Computerbased Data Analysis
Module version of WS 2016/7
There are historic module descriptions of this module. A module description is valid until replaced by a newer one.
Whether the module’s courses are offered during a specific semester is listed in the section Courses, Learning and Teaching Methods and Literature below.
|available module versions|
|SS 2021||SS 2020||SS 2019||SS 2018||WS 2016/7||WS 2010/1|
PH2099 is a semester module in German or English language at Master’s level which is offered in winter semester.
This module description is valid from WS 2016/7 to WS 2019/20.
If not stated otherwise for export to a non-physics program the student workload is given in the following table.
|Total workload||Contact hours||Credits (ECTS)|
|150 h||70 h||5 CP|
Responsible coordinator of the module PH2099 in the version of WS 2016/7 was Boris Grube.
Content, Learning Outcome and Preconditions
The lecture will give an introduction into the basic techniques for the analysis of experimental data. It will cover among other things the following topics:
- The scientific method
- The concept of probability and its interpretations
- Bayes' theorem
- Random variables
- Probability distributions and their moments
- Important distributions: binomial, multinomial, Poisson and Gaussian distribution
- Multivariate distributions
- Marginal and conditional probability distributions
- Covariance and correlation coefficient
- Functions of (multiple) random variables
- Central limit theorem
- Gaussian uncertainty propagation for n-dimensional functions and covariance matrix
- Statistical and systematic uncertainties
- Parameter estimation using the method of least squares
- Estimating the goodness of fit
- Parameter estimation using the (extended) maximum-likelihood method
- Relation between least-squares and maximum-likelihood method
- Estimating the significance of a signal
After successful completion of this module, students are able to
- understand and apply fundamental statistical concepts
- understand and apply basic data-analysis techniques to suitable data
- apply first-order uncertainty propagation in the most general case
- estimate and correctly interpret statistical and systematic uncertainties
- estimate model parameters by performing fits to (multi-dimensional) data
- estimate the statistical significance of signals in the presence of background
- (when attending the tutorials) develop tools for moderately complex data-analysis tasks using the C++ framework "ROOT"
No preconditions in addition to the requirements for the Master’s program in Physics.
Courses, Learning and Teaching Methods and Literature
Learning and Teaching Methods
The goal of the lecture is to provide a solid theoretical background. To this end, methods and concepts will be derived, where possible, from first principles.
In the tutorials, the concepts that are explained in the lecture will be applied to concrete examples. In small groups of students, short C++ programs will be developed using the C++ data analysis framework "ROOT". The examples will be mostly from particle physics.

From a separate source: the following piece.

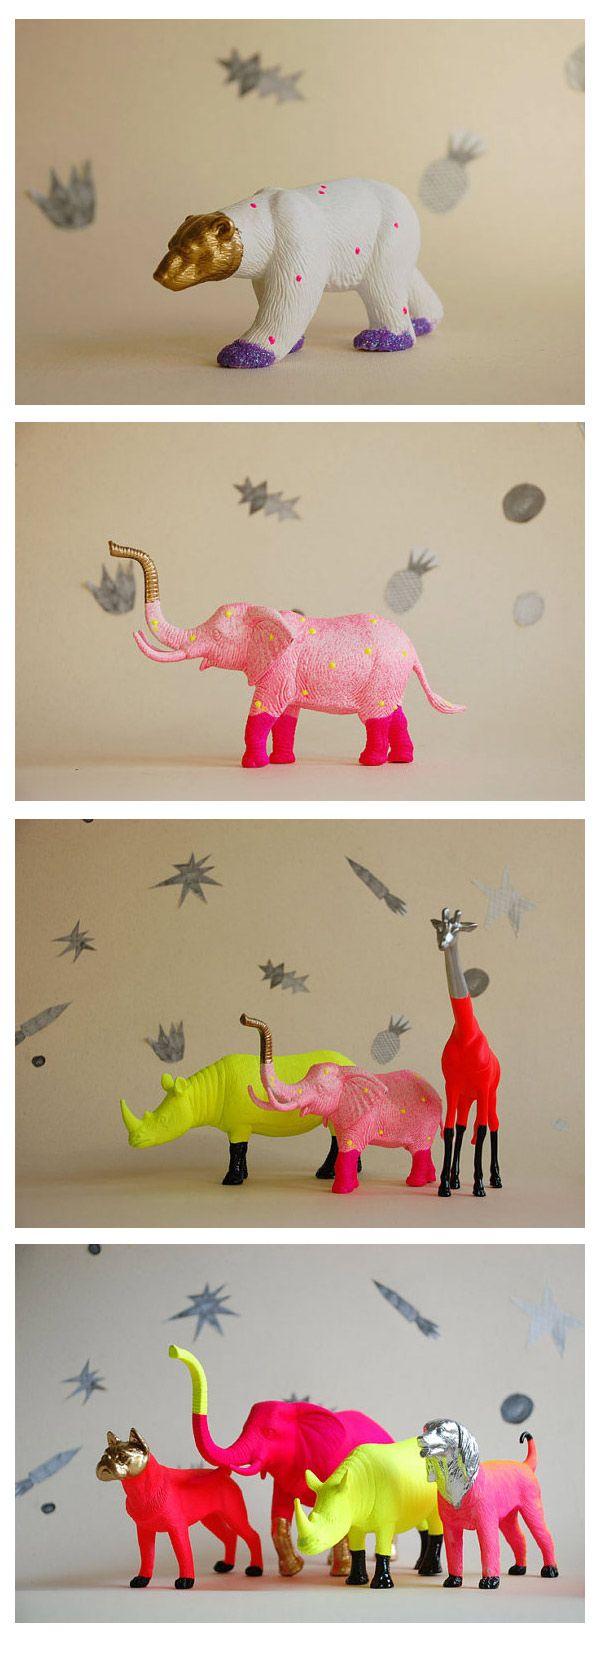 DIY activity - paint plastic animals in fun colors!

However, the tutorials will focus mainly on the statistical aspects of the problems and are prepared such that they do not require deeper particle-physics preknowledge.
Presentation with projector, board work, Smartboard, problem sheets
- G. Cowan, "Statistical data analysis", Oxford University Press.
- R. J. Barlow, "Statistics: A guide to the use of statistical methods in the Physical Sciences", Wiley Verlag.
- S. Brandt, "Datenanalyse für Naturwissenschaftler und Ingenieure", Springer Spektrum.
- B. Roe, "Probability and Statistics in Experimental Physics", Springer Verlag.
- M. G. Kendall and A. Stuart, "The Advanced Theory of Statistics Vol I-III", Charles Griffin, London.
- V. Blobel und E. Lohrmann, "Statistische und numerische Methoden der Datenanalyse", Teubner Studienbücher Verlag.
- D. S. Sivia and J. Skilling, "Data Analysis, a Bayesian Tutorial", Oxford Science Publications.
- P. R. Bevington and D. K. Robinson, "Data reduction and error analysis for the physical sciences", McGraw-Hill.
- L. Lyons, "Statistics for nuclear and particle physics", Cambridge University Press.